A $12 billion-a-year industry in which politics, morals, profits, individuals rights and world trade issues merge and sometimes collide head-on. This is the world of Internet wagering.
The U.S. House of Representatives is likely to vote on legislation aimed to countering Americans' ability to place sports bets, play poker and otherwise risk money in games of chance on their computers. Similar proposals have passed one or the other chambers of Congress over the past decade, but never both simultaneously.
The American Gaming Association is urging Congress to study the online-gambling issue to see if technology has provided a trustworthy way to legalize, regulate and tax online wagering, as Britain is in the process of doing. Industry giants such as MGM Mirage and Harrah's Entertainment Inc. see online players as perhaps their best new opportunity for revenue growth.
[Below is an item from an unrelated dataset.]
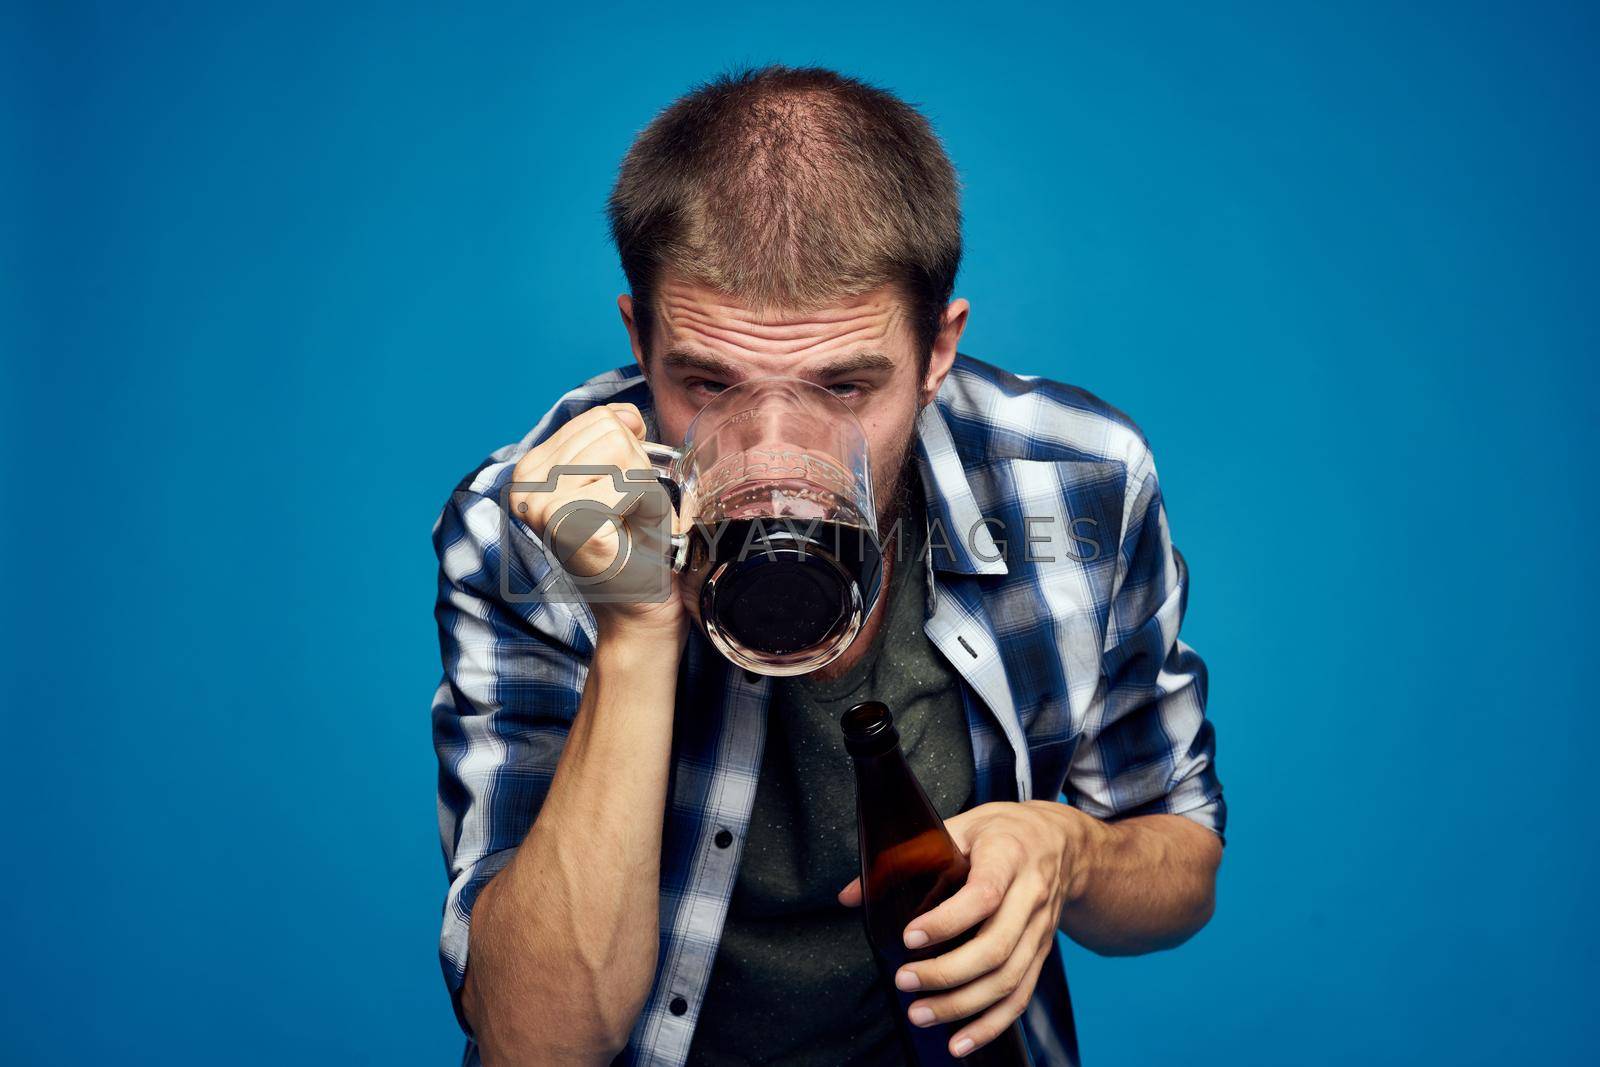 Royalty free image of drunk man alcoholism problems emotions depression blue background by Vichizh

Millions of Americans do it regularly, even though the Justice Department says they're supporting an illegal enterprise. Major corporations are looking at ways to make a profit from it, even though Congress is eyeing tougher restrictions. Despite its illegality, an estimated 4 million to 7 million Americans are Internet gamblers, with poker driving the latest surge.
A gambling association survey has shown that online participants are younger, more affluent and better educated than their counterparts who enter actual buildings containing card tables, roulette wheels and slot machines.
"Offshore online gambling Web sites are cash cows, and the greed that propels these companies leads them to solicit bettors in the United States, despite the fact that the Department of Justice already believes this activity is illegal," U.S. Rep Bob Goodlatte, R-Va, said after his Internet ban passes the Judiciary Committee on May 25. Industry analysts believe rapid growth of Internet wagering will continue, regardless of U.S. policy, because of growing participation in Europe, Asia and elsewhere. Nonetheless, a pair of bills cleared separate House committees last month aimed at keeping American citizens from taking part, even though they already may make up more than half of the world's Internet gamblers.
Goodlatte's measure would expand the 1961 Wire Act, which focused on outlawing sports bookmaking by phone or telegraph. The other bill, sponsored by Rep. Jim Leach, R-Iowa, prohibits credit-card companies and banks from processing payments by U.S. customers to gambling sites. Major credit-card firms have instituted their own policies to block such payments.
Supporters of the legislative crackdown have criticized Internet gambling for its potential use by minors and easy access by compulsive gamblers who can use it 24 hours a day without leaving home.
Even some gambling proponents back the measure, saying they would add clarity to a muddled legal picture and help the government go after any unscrupulous operators. But casino-industry leaders also want the legal Internet gambling door open.
They know it's too soon to put legalization up for a vote in Congress but believe a year long study could show it's possible to control who gains access to Internet wagering sites and from what computer locations. With such controls, advocates say, it makes sense to allow some Internet gambling in states where card and casino games are legal in person.